All in all, it is clear that this is definitely not a perfect solution, but for the complexity of the BASM code it seems to work pretty well.

Funnily, the code resembles assembler code a bit, where registers are often used to pass arguments to ‘functions’.

Use of goto

Even though I tried to use the ‘function’ convention, as much as possible, it is really hard in Basic to write a full program without using ‘goto’s as well. I guess it is possible to do without, but this would often make the code very verbose and in the end harder to read then to use ‘goto’s.

The following example shows where I use goto statements:

14001 if FNisR(stmt$(2)) and FNisR(stmt$(3)) then goto 14036 'RR
14036 arg1$=stmt$(2):gosub 20000:oper1%=ret%
14037 arg1$=stmt$(3):gosub 20000:oper2%=ret%
14038 opc1%=64 OR FNfoct(oper1%) or oper2%:return

In this fragment line 14001 first uses the DEF FN function FNisR(…) to test if operand 1 and 2 (stmt$(2) and stmt$(3)) are registers and if so it goto’s line 14016.
On line 14036 the ‘function’ getR(arg1$) is ‘called’ (gosub 20000), to get the register value for operand 1.

in line 14037 the same is done for operand 2.

Line 14038 constructs the opcode from the base code 64 and the two register codes (I’ll go into more detail later how these opcodes are structured). This line also has a ‘return’. This might seem strange as 14001 used goto 14036 to get here. However, this entire example is actually part of another ‘function’ that is called on line:

11180 if stmt$(1)="ld" then gosub 14000

And this is where the return on line 14038 returns the program flow.

The reason for using goto in this example mostly is that an entire IF THEN ELSE has to be on a single line. If this were not required I could just put the lines 14036-14038 in the code block of the THEN.

This is a typical situation where Basic requires you to be pragmatic and make the best of it.

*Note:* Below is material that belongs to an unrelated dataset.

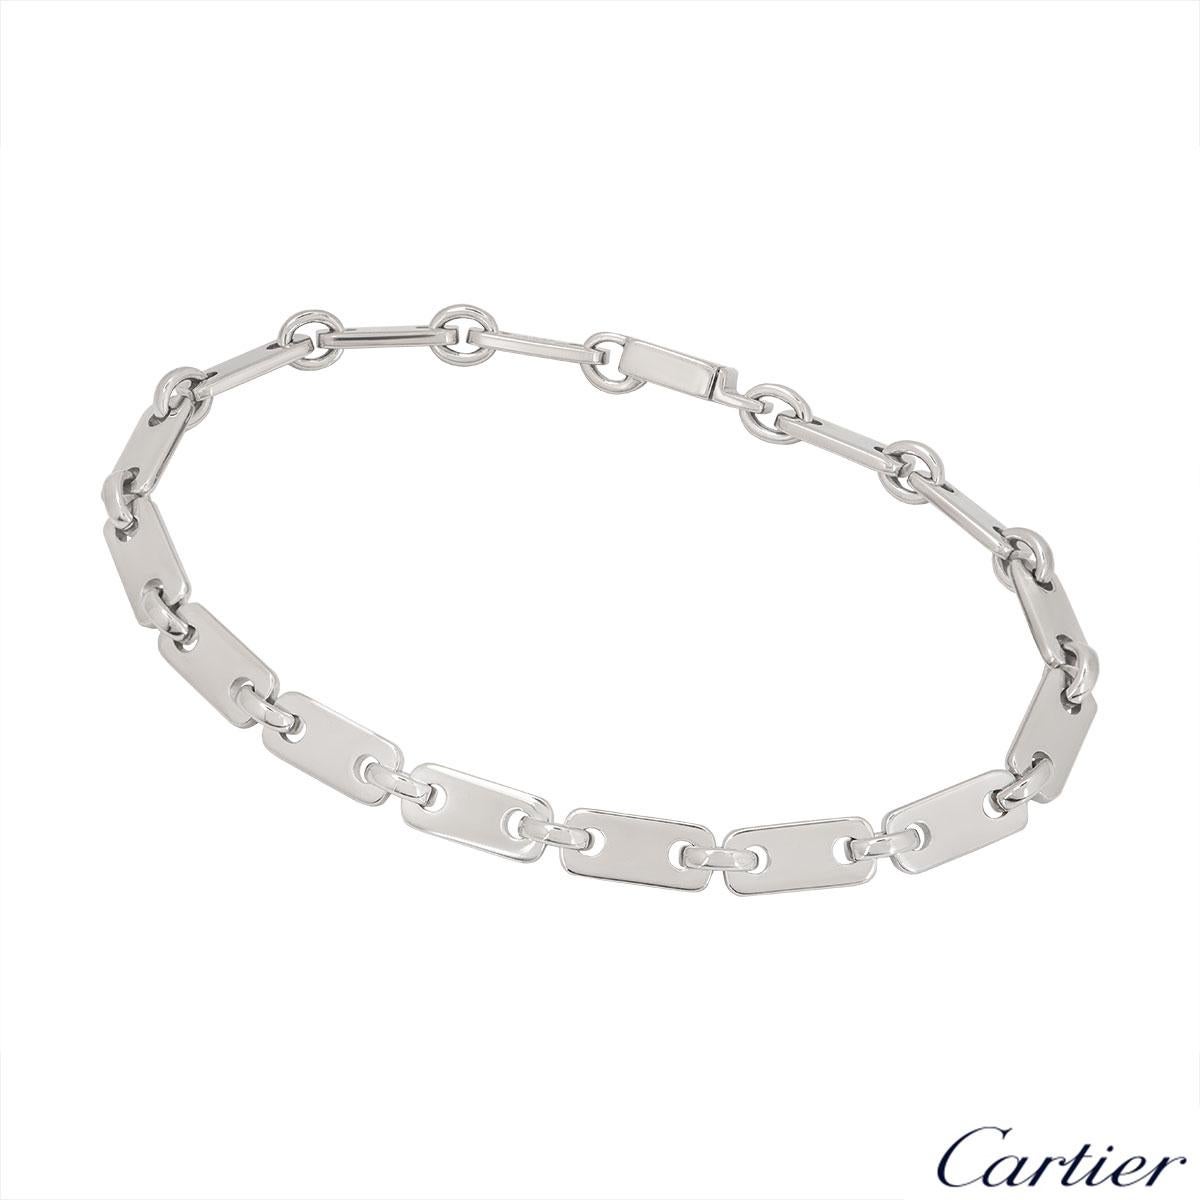 An elegant 18k white gold rectangular link bracelet by Cartier. The bracelet comprises 15 rectangular plain pierced links and alternating between each link is a round circular link. The bracelet measures 7.5 inches in length and features a open

Another use of goto in BASM is for ‘exception handling’ (though that’s a rather big word for what’s happening in BASM).

Whenever the ‘lever’/’parser’ of basm encounters an error in the provided assembler code it ‘goto’s line 20100.

13112 if stmt$(3)="" then goto 20100

When this occurs all processing is halted and an error message is printed.

20100 ' ill inst error
20110 if stmt$(0)="" then label$="" else label$=stmt$(0)+":"
20120 print "Illegal instruction:"
20130 print using "#### \ \ & &,&";l;label$;stmt$(1);stmt$(2);stmt$(3)
20140 end

There is no returning from this (see line 20140). So in this case a goto is also suitable.

This is more or less all there is when it comes to coding conventions I used, in relation to ‘program flow’ and structured programming.

In a following blog post (or multiple) in this series, I’ll go in more detail on the ‘lexing’ and ‘parsing’ of the assembler code and how opcodes are generated.